Tuvo que pasar casi una hora para que apareciera el primer premio de importancia de los 24 en juego: el del mejor actor de reparto, que fue a parar a manos de Alan Arkin, por su abuelo irreverente y malhablado de Pequeña Miss Sunshine. A las manos es un decir: lo primero que hizo Arkin, como si todavía fuera el personaje de la película, fue dejar la sagrada estatuilla en el piso del escenario para sacar de su bolsillo un discurso de agradecimiento que aterrorizó a los organizadores, aunque fue bastante más breve de lo que amenazaba.
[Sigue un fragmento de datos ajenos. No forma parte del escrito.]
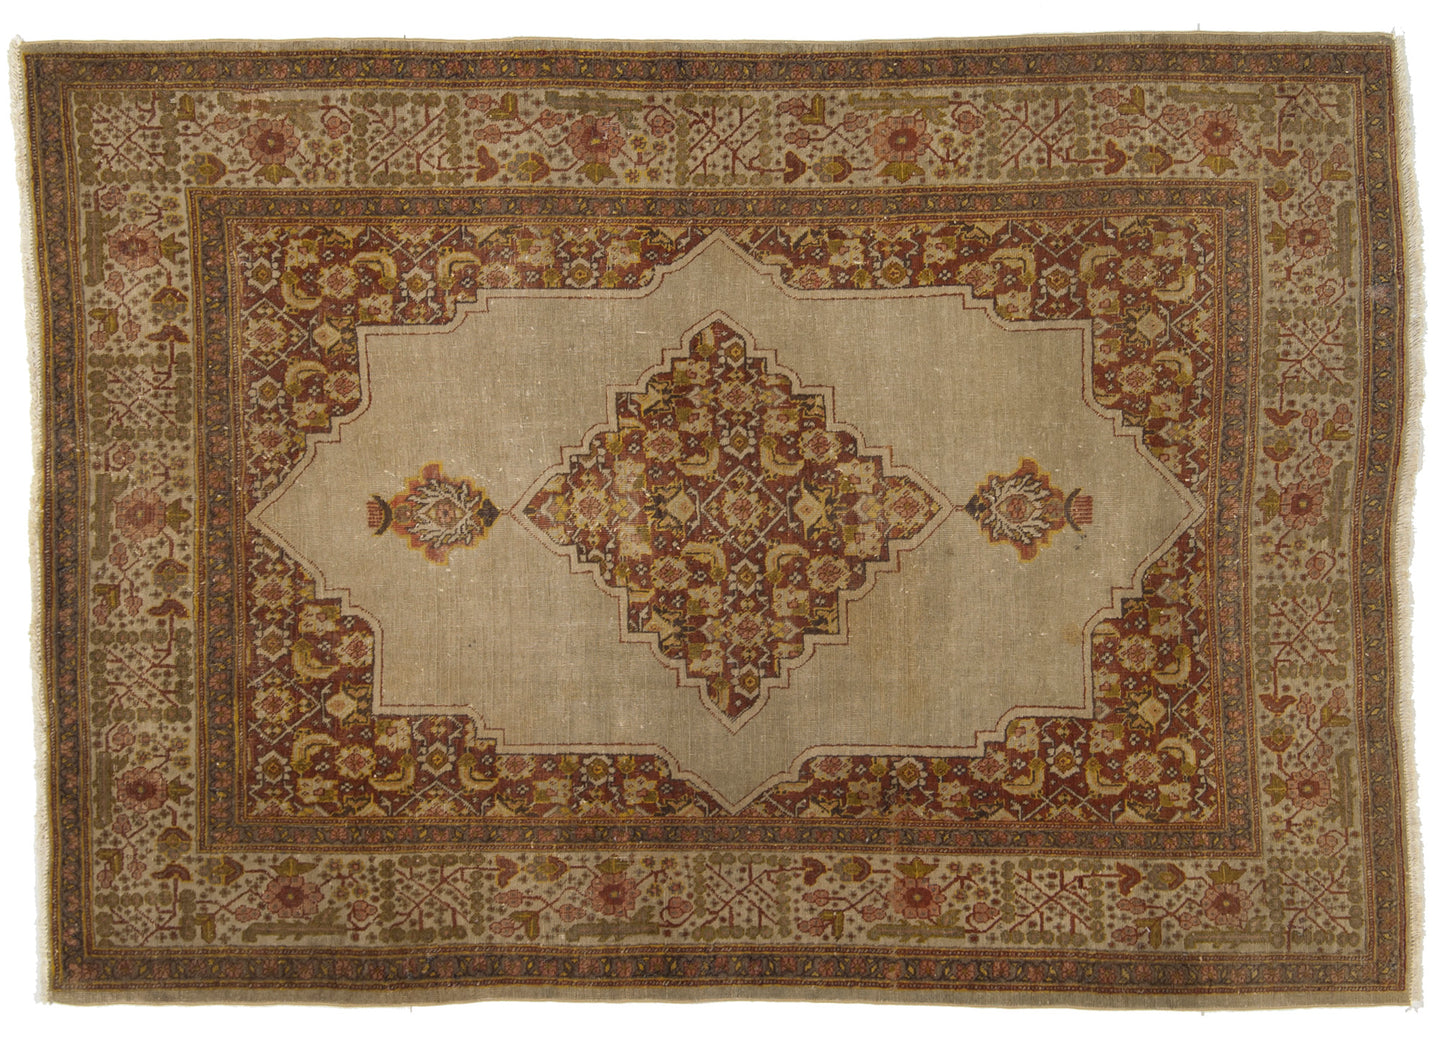 175x120 CM Authentic original hand knotted carpet
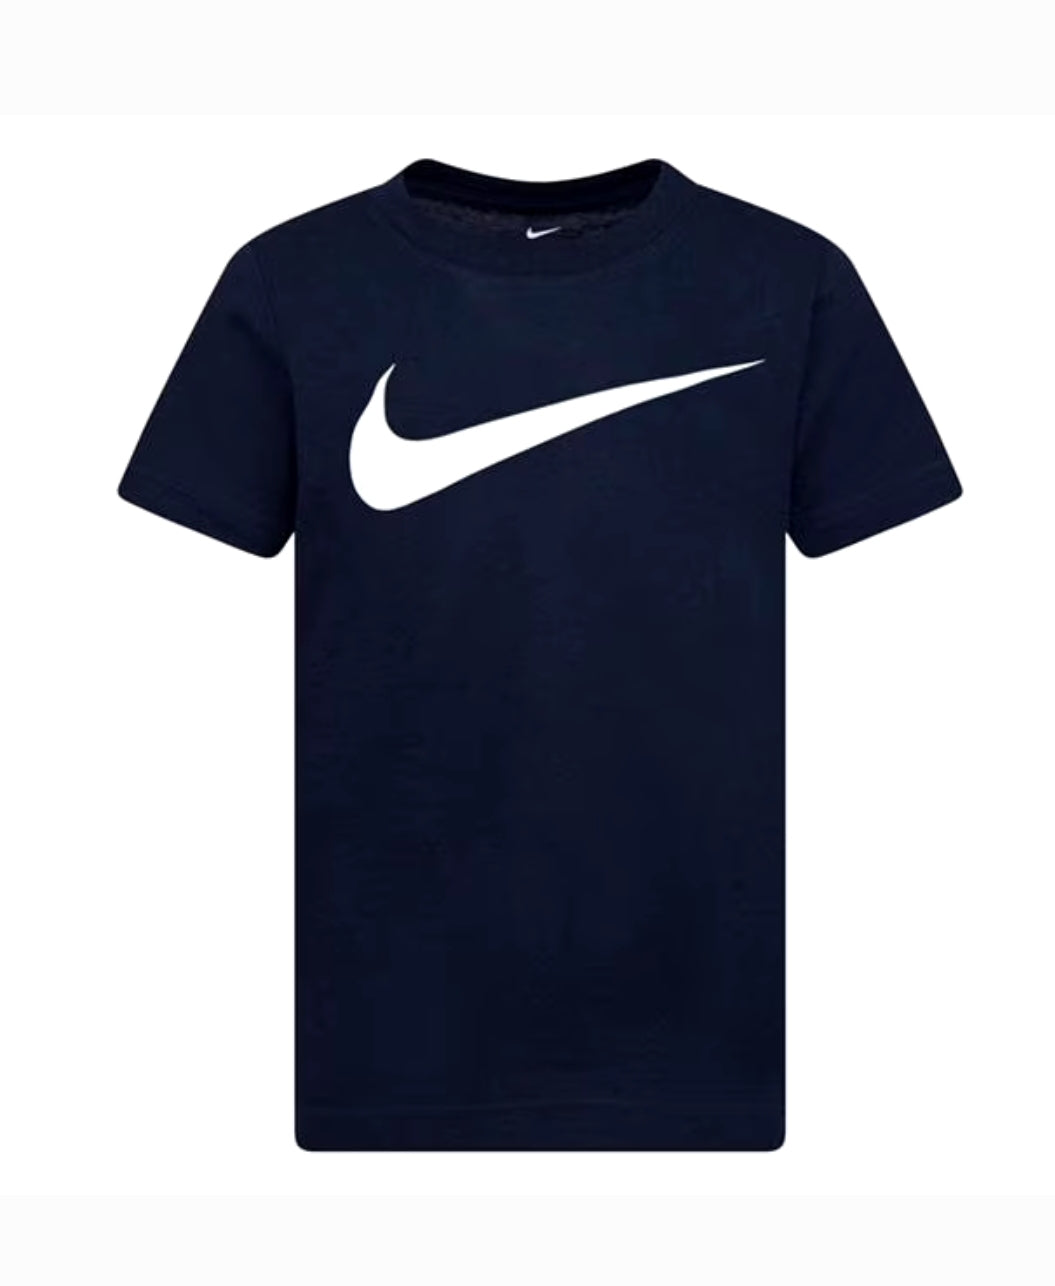 Camiseta Nike com logotipo swoosh obsidian/white infantil

Poco después, William Monahan le daba una primera alegría al equipo de Los infiltrados, cuando se llevó el Oscar al mejor guión adaptado. Este premio fue precedido por un magnífico montaje de secuencias clásicas con guionistas y escritores enfrentados a la página en blanco, que culminó con un súbito regreso al Kodak Theater y un primerísimo primer plano de Jack Nicholson completamente rapado, haciendo monerías frente a cámara, simulando escribir en un papel minúsculo todo aquello que no habían podido hacer los personajes precedentes.
Dos horas antes de la gala, estrellas de etiqueta empezaron a descender de las limusinas para desfilar por la alfombra roja, como preludio habitual a su ingreso al teatro Kodak, donde 3400 invitados presenciaron la entrega de las estatuillas. Los vestidos escotados y de sedas finas –como los de Jodie Foster, Gwyneth Paltrow y Rachel Weisz y Elisabeth Shue– desafiaron temperaturas inferiores a los 14 grados y vientos fríos en una California que, además de traicionar su fama de estado dorado, obligó ayer a todos aquellos que carecían de fama portar hasta bufanda.
A las 9 de la mañana (hora de Los Angeles), ya había decenas de personas situadas ante las vallas de seguridad colocadas por la Policía de Los Angeles en todo el perímetro alrededor del centro comercial Hollywood & Highland, en el que se halla el teatro Kodak. Los puestos más codiciados eran los situados en el cruce entre el bulevar Hollywood y la avenida Highland, en el que se encuentra el acceso a la famosa alfombra roja, donde la actividad era frenética, como en las gradas laterales ocupadas por un centenar de fotógrafos y más de 200 miembros de equipos televisivos. “Hoy es un día realmente interesante para trabajar aquí. ¡Qué mujeres!”, comentaba un policía, fascinado por actrices y periodistas televisivas como la espigada rubia que, ataviada con un espectacular traje de noche fucsia, transmitía una crónica encaramada sobre unos cajones para que la cámara pudiera captar un gigantesco Oscar situado ante el teatro.
Como requiere en su normativa la Academia de cine de Hollywood, el brillo de la velada imponía que no sólo actores y actrices lucieran sus mejores galas sobre la alfombra roja, sino también los reporteros que estaban en ella e incluso en la sala de prensa. Entre tanto, personal de la organización buscaba a invitados cartel en mano, con nombres escritos como los de Robert Downey Jr. y Catherine Deneuve, actores de fama mundial que, si podían pasar inadvertidos en algún sitio, era en el Kodak Theater ayer por la tarde. Frente a ese frenesí, la avenida Highland presentaba una imagen inusitada por el corte del tránsito, que hacía posible caminar tranquilamente por en medio, algo suicida cualquier otro día del año por el constante tráfico que la atraviesa.